**** THE DATA

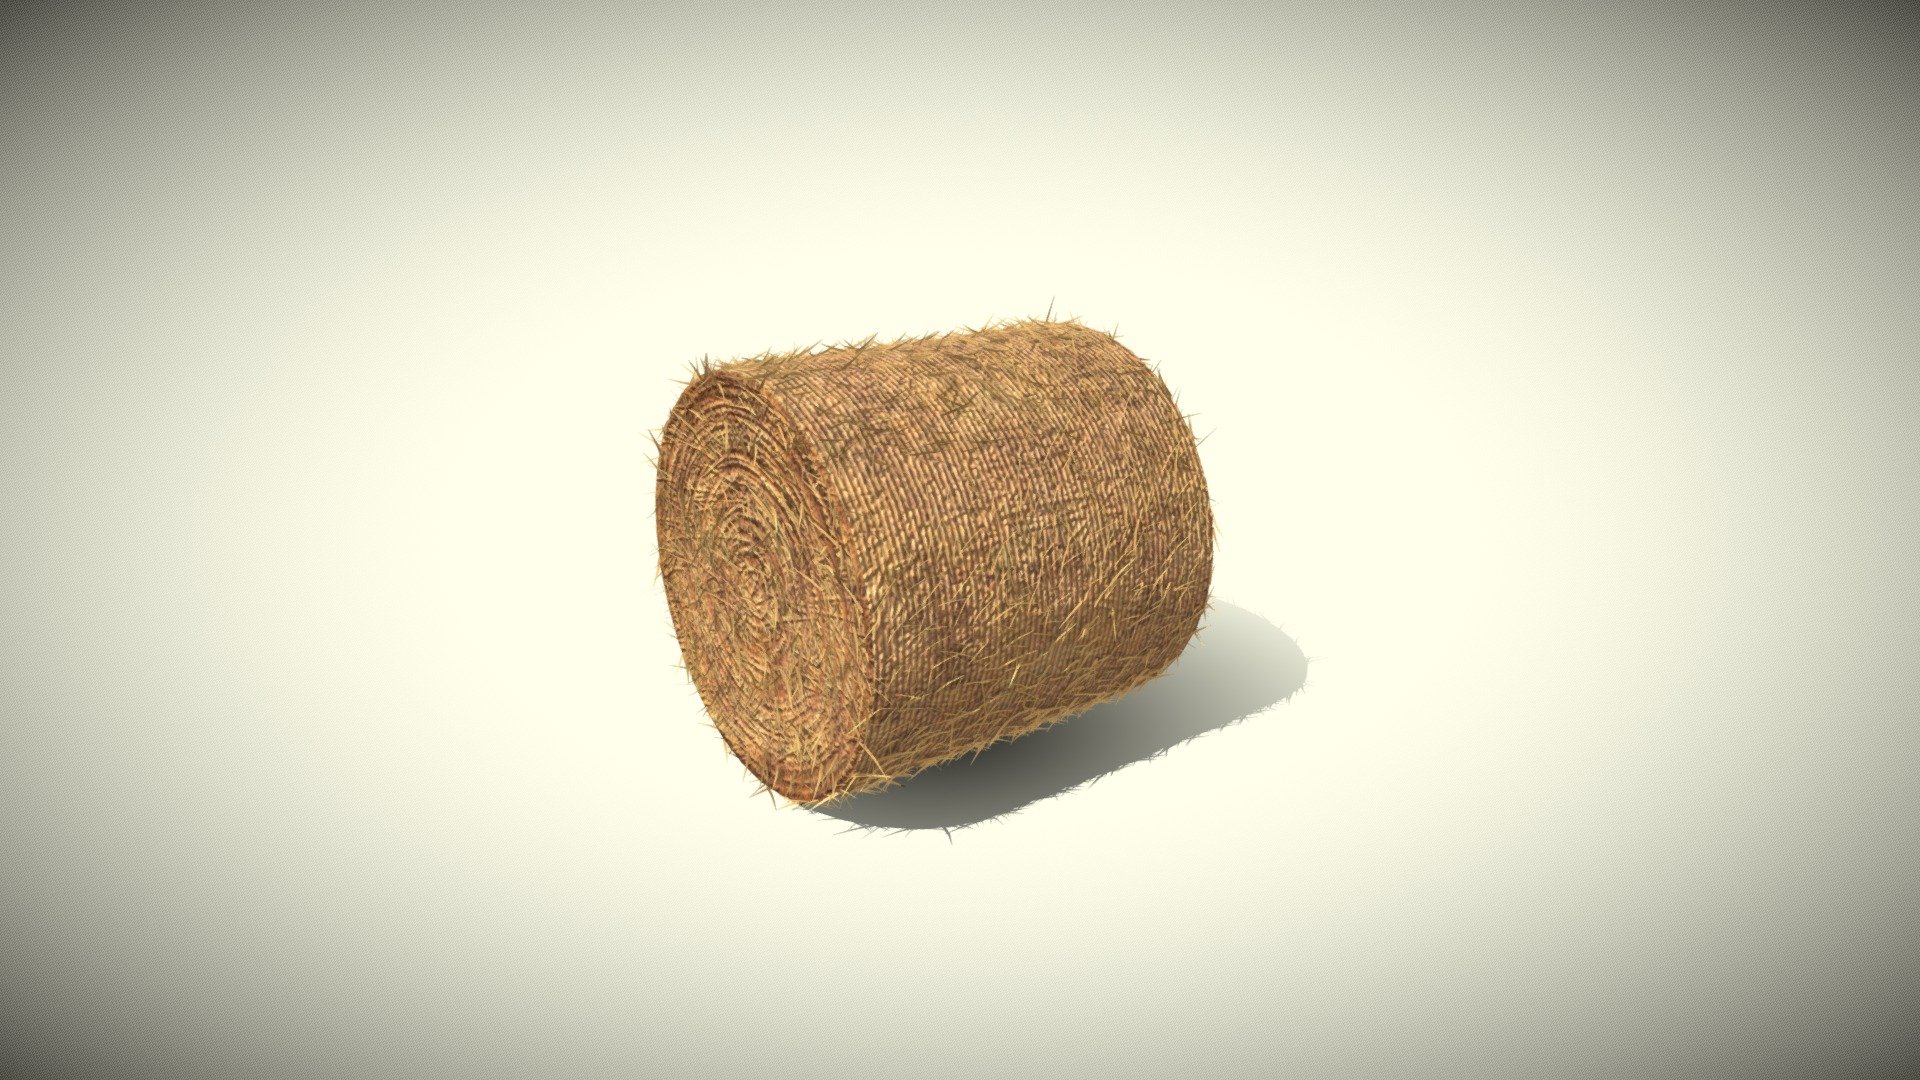 Hay Bale Round 3D Model is completely ready to be used in your games animations films designs etc.  

All textures and materials are included and mapped in every format. The model is completely ready for use visualization in any 3d software and engine.  

Technical details:  


File formats included in the package are: FBX, OBJ, GLB, ABC, DAE, PLY, STL, BLEND, gLTF (generated), USDZ (generated)  
Native software file format: BLEND  
Polygons: 10,384
Vertices: 30,386
Textures: Color, Metallic, Roughness, Normal, AO.  
All textures are 1k resolution.
 - Hay Bale Round 3D Model - Buy Royalty Free 3D model by 3DDisco 3d model
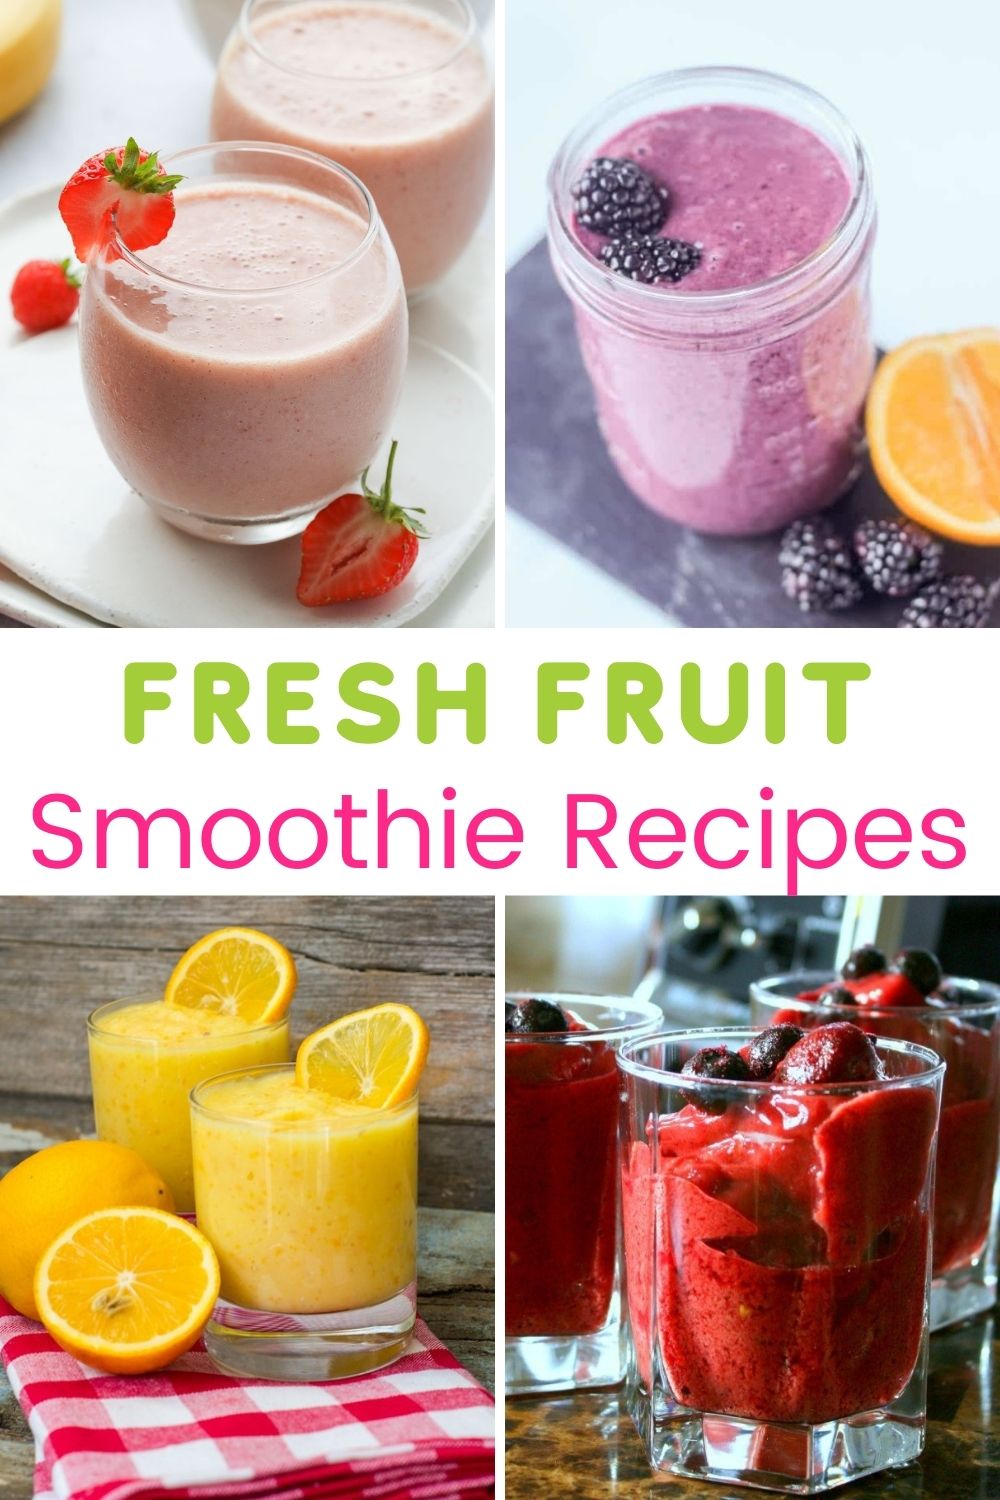 12 of the Most Delicious Fresh Fruit Smoothie Recipes You'll LOVE!

********

→ WHAT YOU HAVE TO DO
Retype the listing above exactly as it appears, omitting the pictures.

→ ANSWER FOR THE TASK
 Hay Bale Round 3D Model is completely ready to be used in your games animations films designs etc.  

All textures and materials are included and mapped in every format. The model is completely ready for use visualization in any 3d software and engine.  

Technical details:  


File formats included in the package are: FBX, OBJ, GLB, ABC, DAE, PLY, STL, BLEND, gLTF (generated), USDZ (generated)  
Native software file format: BLEND  
Polygons: 10,384
Vertices: 30,386
Textures: Color, Metallic, Roughness, Normal, AO.  
All textures are 1k resolution.
 - Hay Bale Round 3D Model - Buy Royalty Free 3D model by 3DDisco 3d model
 12 of the Most Delicious Fresh Fruit Smoothie Recipes You'll LOVE!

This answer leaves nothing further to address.